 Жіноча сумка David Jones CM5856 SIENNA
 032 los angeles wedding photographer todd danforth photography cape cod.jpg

____________

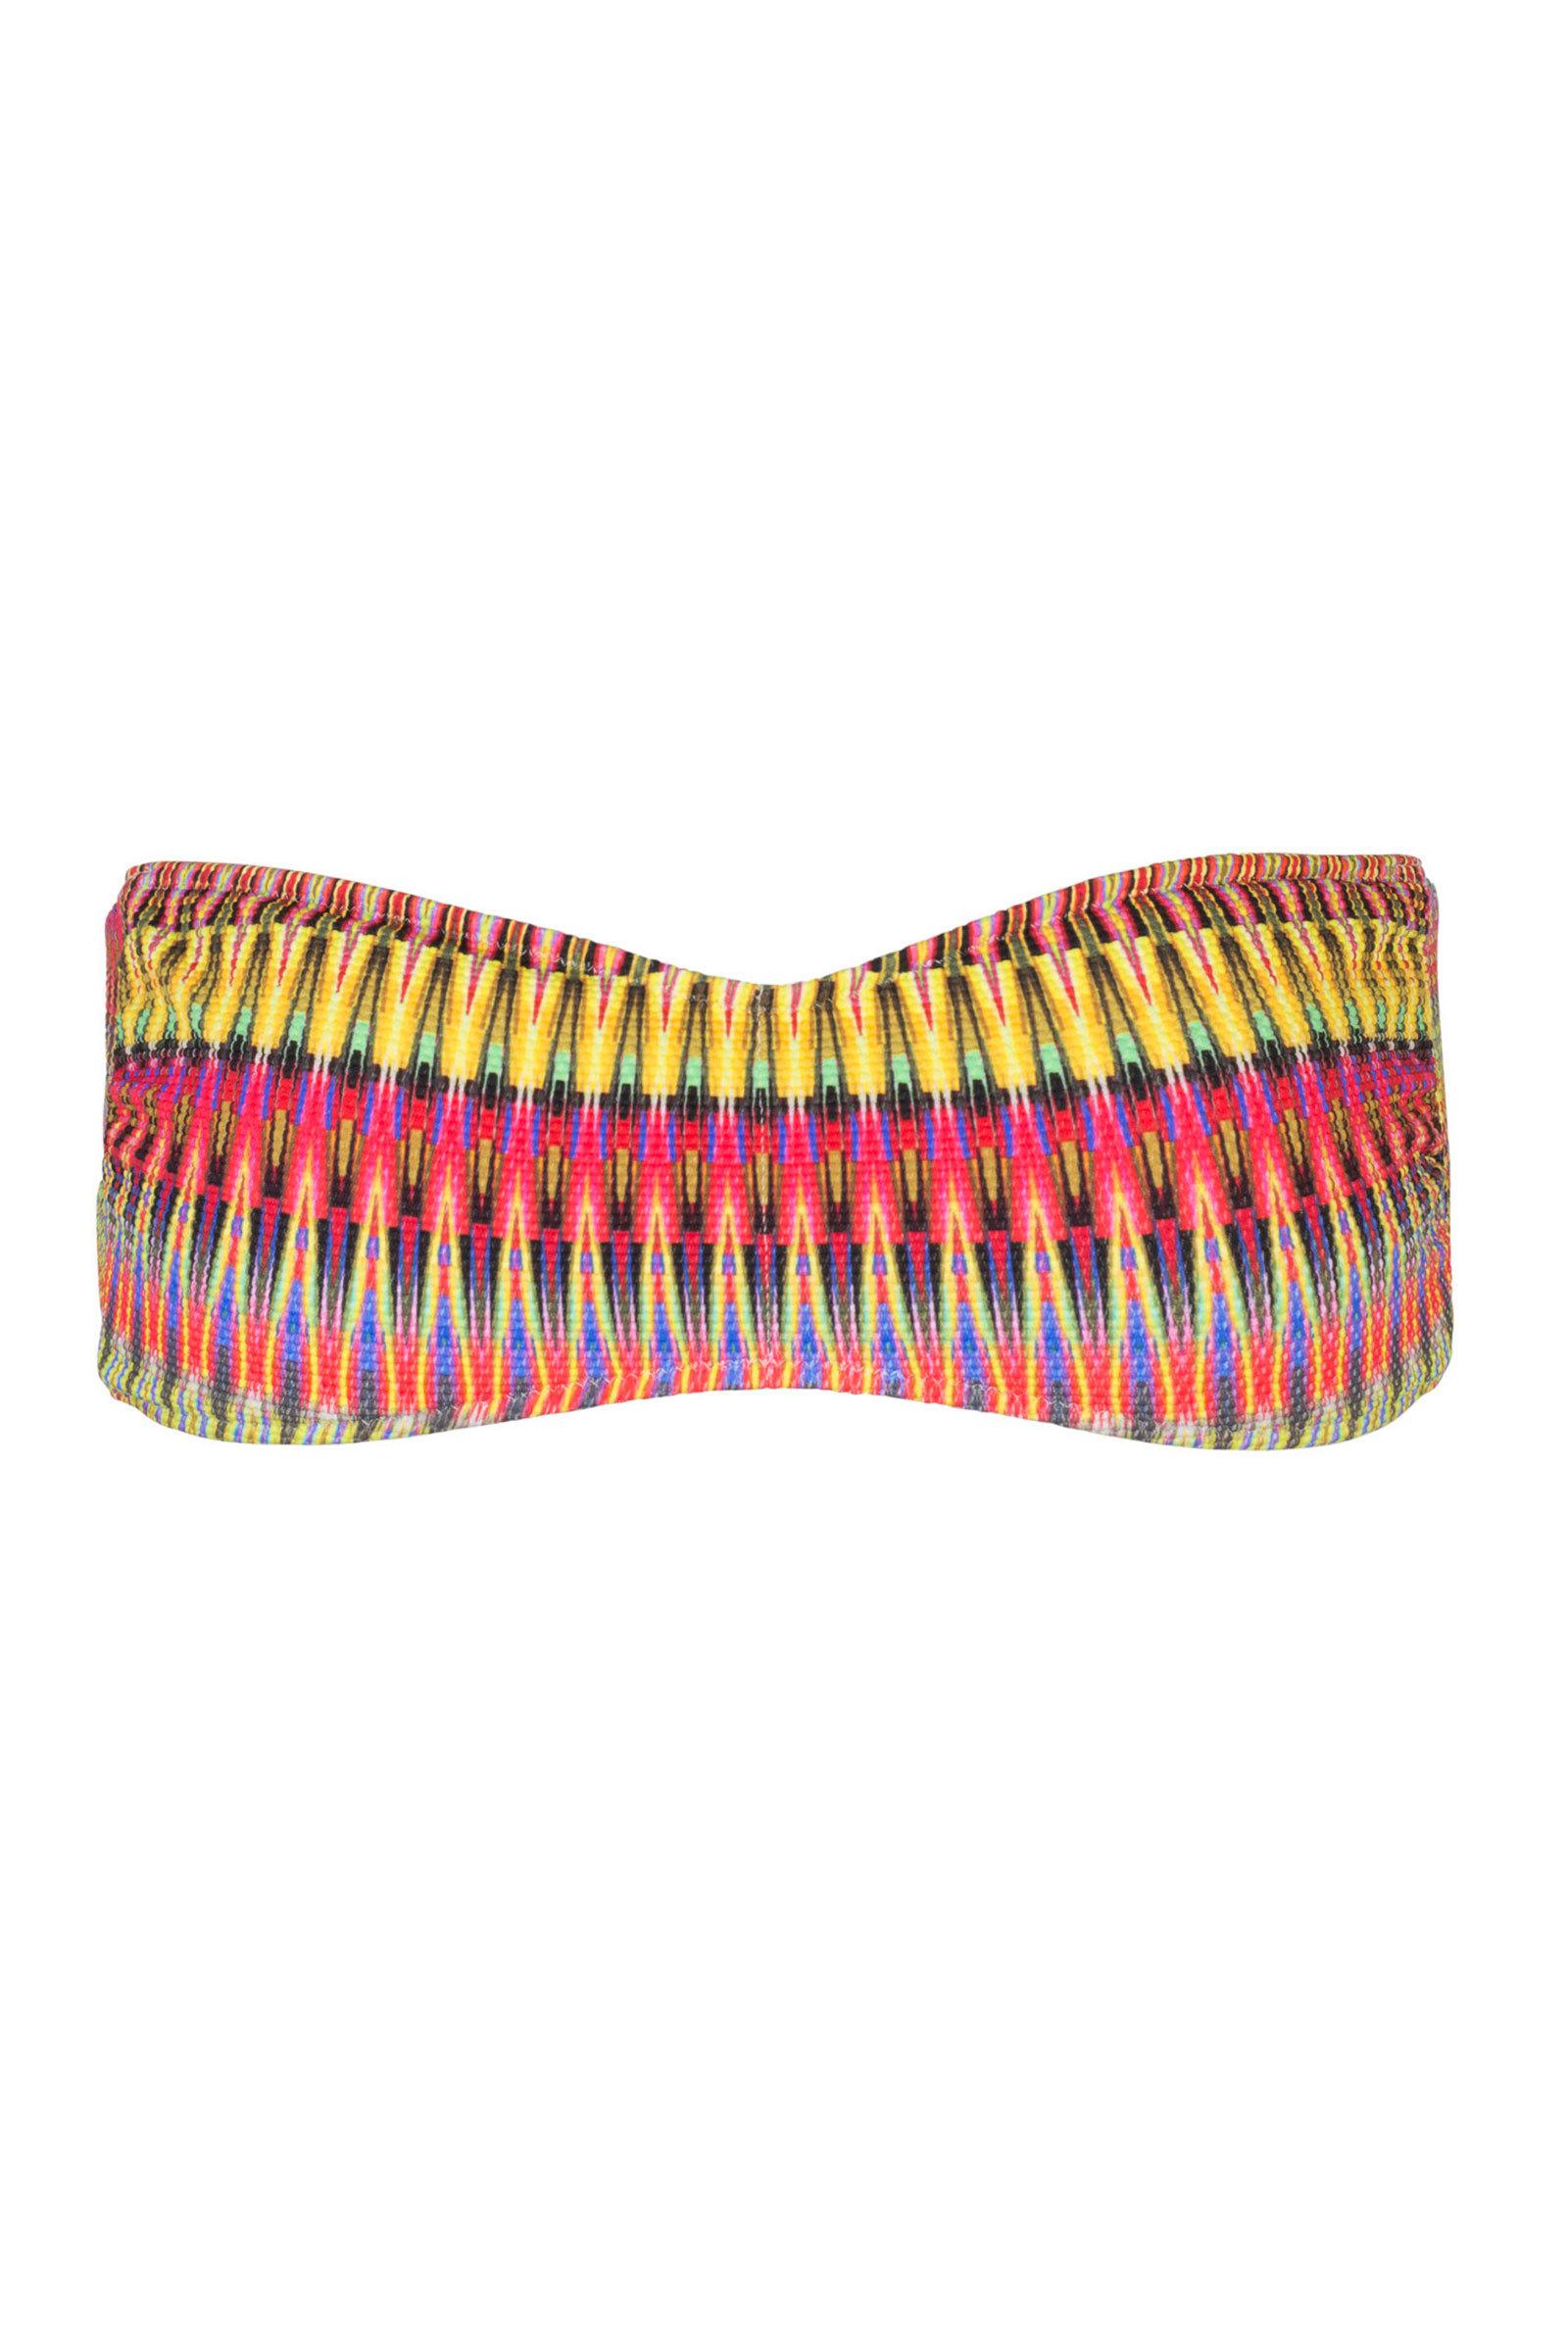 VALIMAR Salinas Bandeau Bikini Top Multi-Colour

____________

About this task | Restate word for word the entries above, starting at the line with "Жіноча сумка David Jones CM5856 SIENNA" and ending at the line with "032 los angeles", inclusive, and no others.

Written response |
 Жіноча сумка David Jones CM5856 SIENNA
 032 los angeles wedding photographer todd danforth photography cape cod.jpg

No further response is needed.